Fact-checked
х

All iLive content is medically reviewed or fact checked to ensure as much factual accuracy as possible.

We have strict sourcing guidelines and only link to reputable media sites, academic research institutions and, whenever possible, medically peer reviewed studies. Note that the numbers in parentheses ([1], [2], etc.) are clickable links to these studies.

If you feel that any of our content is inaccurate, out-of-date, or otherwise questionable, please select it and press Ctrl + Enter.

Buspirone

Medical expert of the article

Psychiatrist, psychotherapist
, medical expert
Last reviewed: 04.07.2025

Buspirone is a drug belonging to the class of anxiolytics, which is used to treat anxiety disorders. It acts as an anxiolytic, i.e., an anti-anxiety drug, but unlike benzodiazepines (such as diazepam or alprazolam), it is not a hypnotic and does not cause a sedative effect.

Buspirone is commonly used to treat generalized anxiety disorder (GAD), but can also be used for short-term relief of anxiety symptoms. It does not cause physical dependence, as can happen with some other anxiolytics, and has fewer side effects.

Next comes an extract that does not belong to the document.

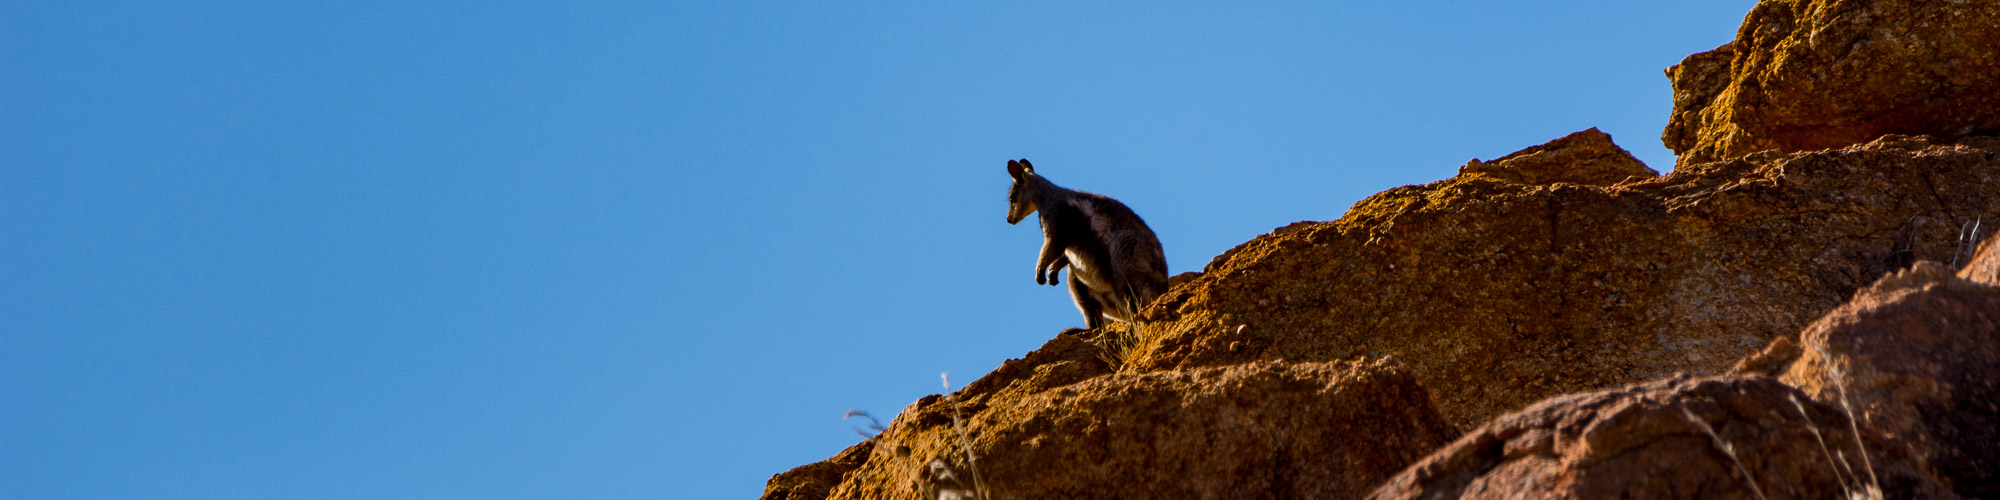 Kangaroos and Wallabies I: Preparing the Data
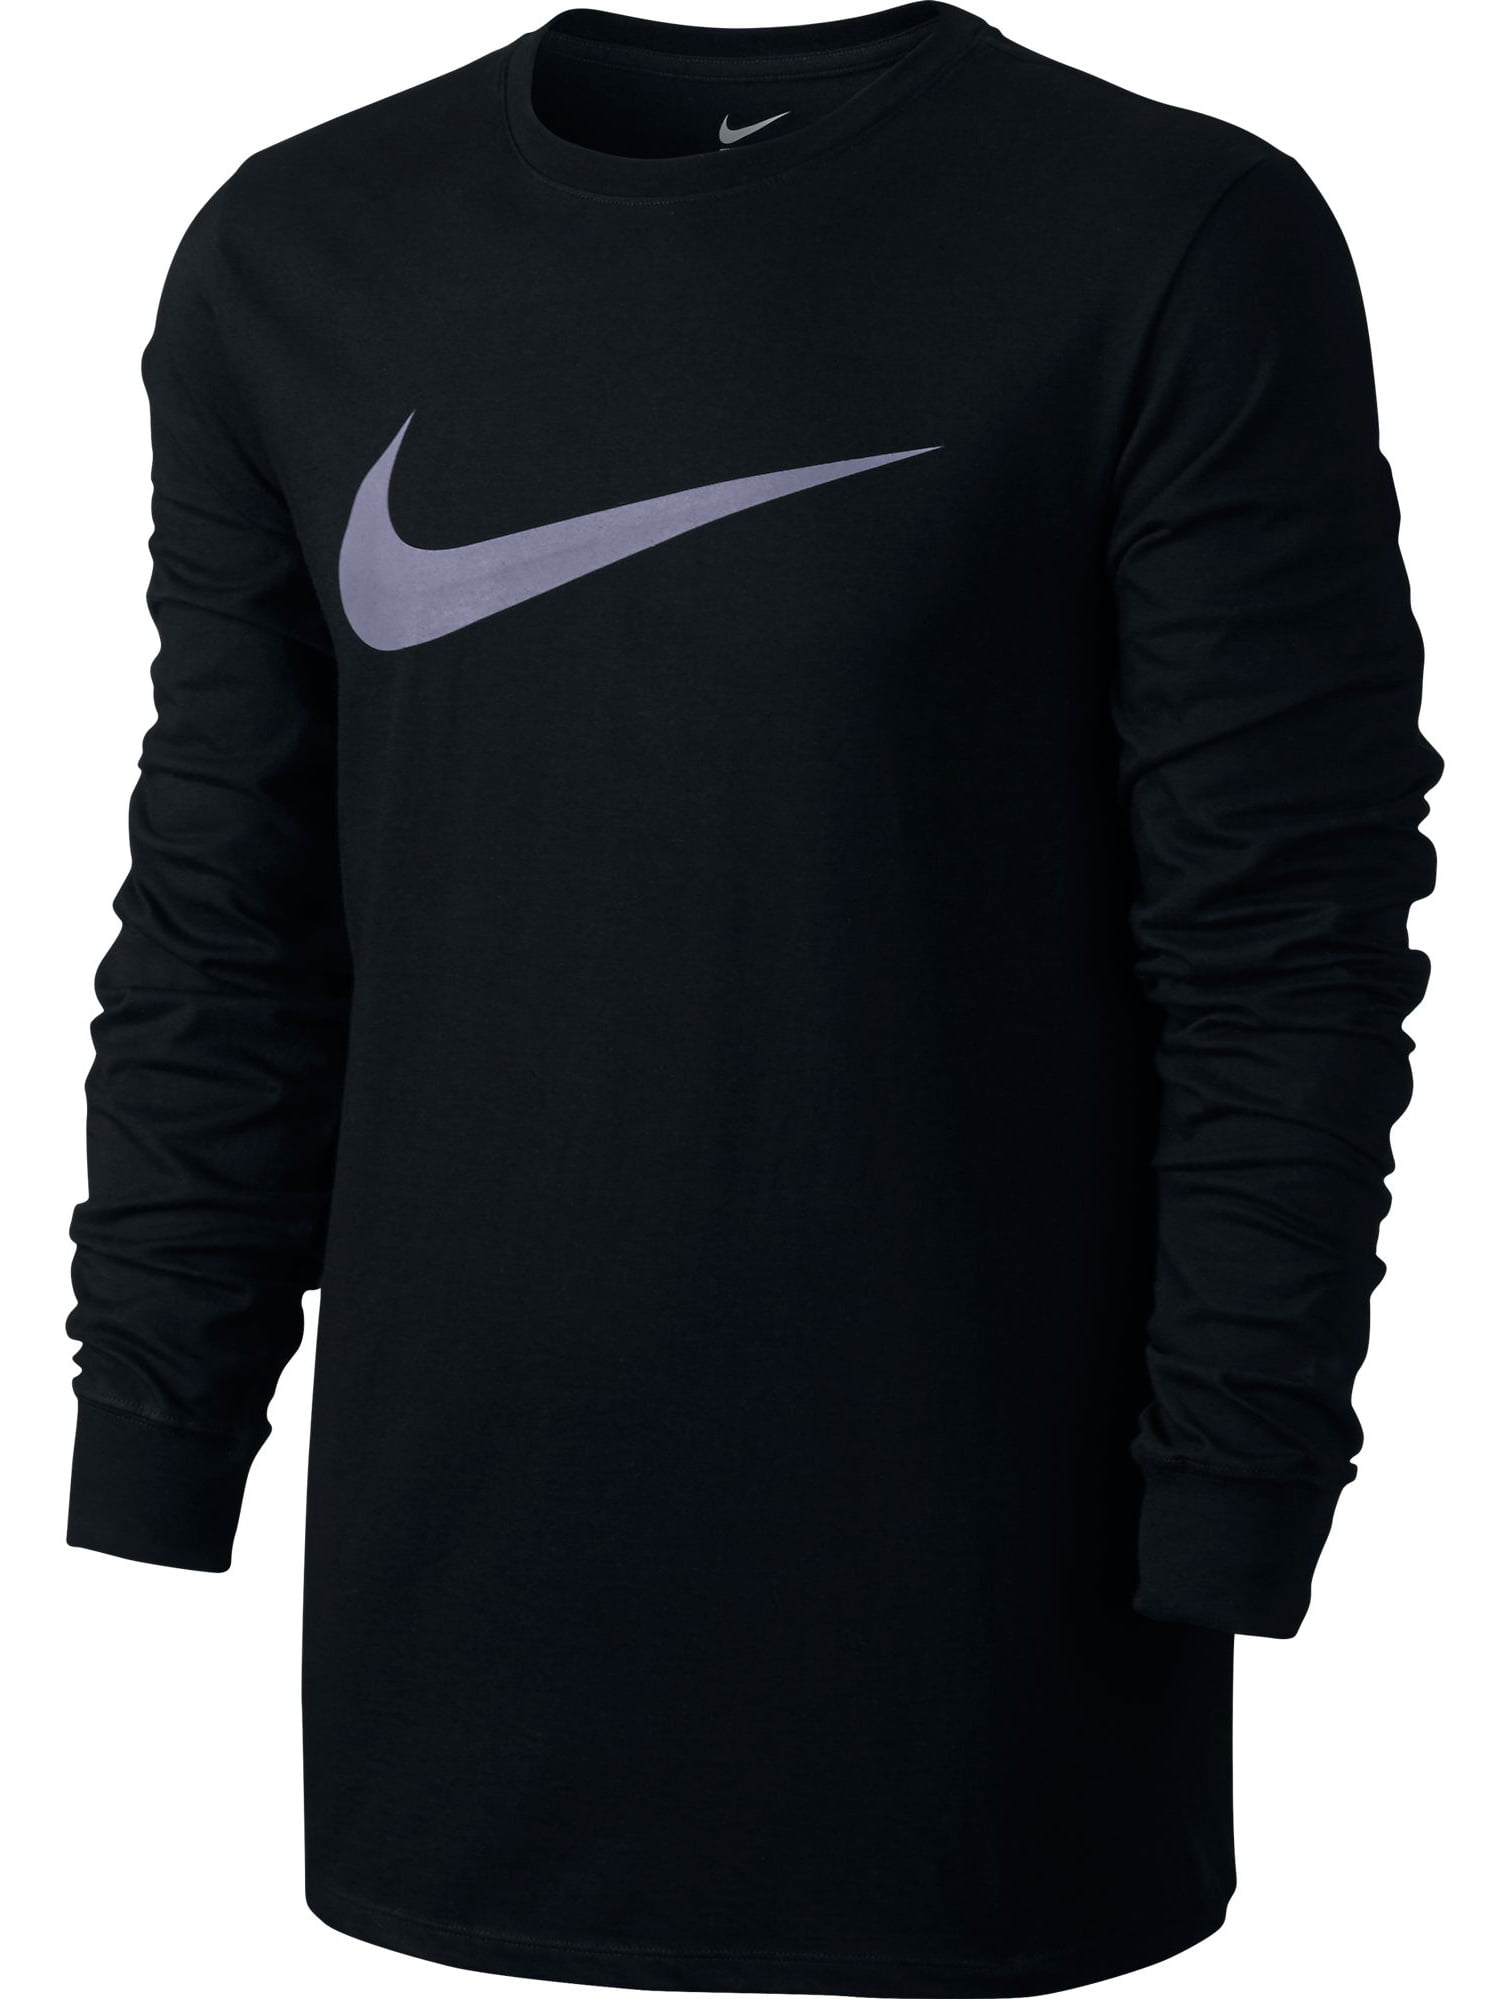 Nike - Nike Icon Swoosh Long Sleeve Men's T-shirt Black/Grey 709491-010 - Walmart.com - Walmart.com

This drug does not start working immediately, but gradually, so its effect may appear several days or weeks after the start of treatment. The dosage and regimen of taking buspirone are usually determined by the doctor depending on the specific symptoms and individual characteristics of the patient.

ATC classification

N05BE01 Буспирон

Active ingredients

Буспирон

Pharmacological group

Анксиолитики

Pharmachologic effect

Транквилизирующие препараты

Indications Buspirone

  1. Generalized Anxiety Disorder (GAD): Buspirone may be used as a long-term treatment to reduce anxiety symptoms in patients with GAD. GAD is characterized by feelings of unreasonable worry or anxiety most of the time over a period of several months.
  2. Short-term relief of anxiety symptoms: Buspirone may also be used for short-term relief of anxiety symptoms, especially in cases where quick relief from anxiety is needed.
  3. Social anxiety disorder: In some cases, buspirone may be used to treat social anxiety disorder, which is characterized by intense anxiety about social or work-related situations.

Release form

  1. Tablets: This is the most common form of buspirone. Tablets come in different strengths, such as 5 mg, 10 mg, 15 mg, or 30 mg, and are usually taken by mouth with water.
  2. Solution: Buspirone is also available as a solution for oral administration.
  3. Capsules: Some capsules may contain buspirone and are also taken orally with water.

Pharmacodynamics

  1. Action on serotonin receptors: Buspirone is a partial agonist of 5-hydroxytryptamine (5-HT1A) receptors, which are associated with serotonin in the central nervous system. This results in increased activity of the serotonergic system, which may help reduce anxiety.
  2. Modulation of neurochemical balance: Buspirone may also affect the dopamine and norepinephrine systems, although its exact mechanism of action on these systems is not fully understood.
  3. No effect on benzodiazepine receptors: Unlike benzodiazepines, buspirone does not bind to GABA-A receptors, making it less likely to cause dependence or tolerance.
  4. Slow onset of action: Unlike benzodiazepines, the onset of action of buspirone may take several days or weeks after the start of treatment, which may be due to the need to build up the concentration of the drug in the body.
  5. Long-acting: Buspirone has a long-acting action, which allows it to be used as an anxiolytic over a long period of time.
  6. Minimal impact on cognitive function: Unlike benzodiazepines, buspirone does not usually cause drowsiness or lethargy, and it has minimal impact on cognitive function, making it more acceptable for patients who need to maintain alertness and concentration.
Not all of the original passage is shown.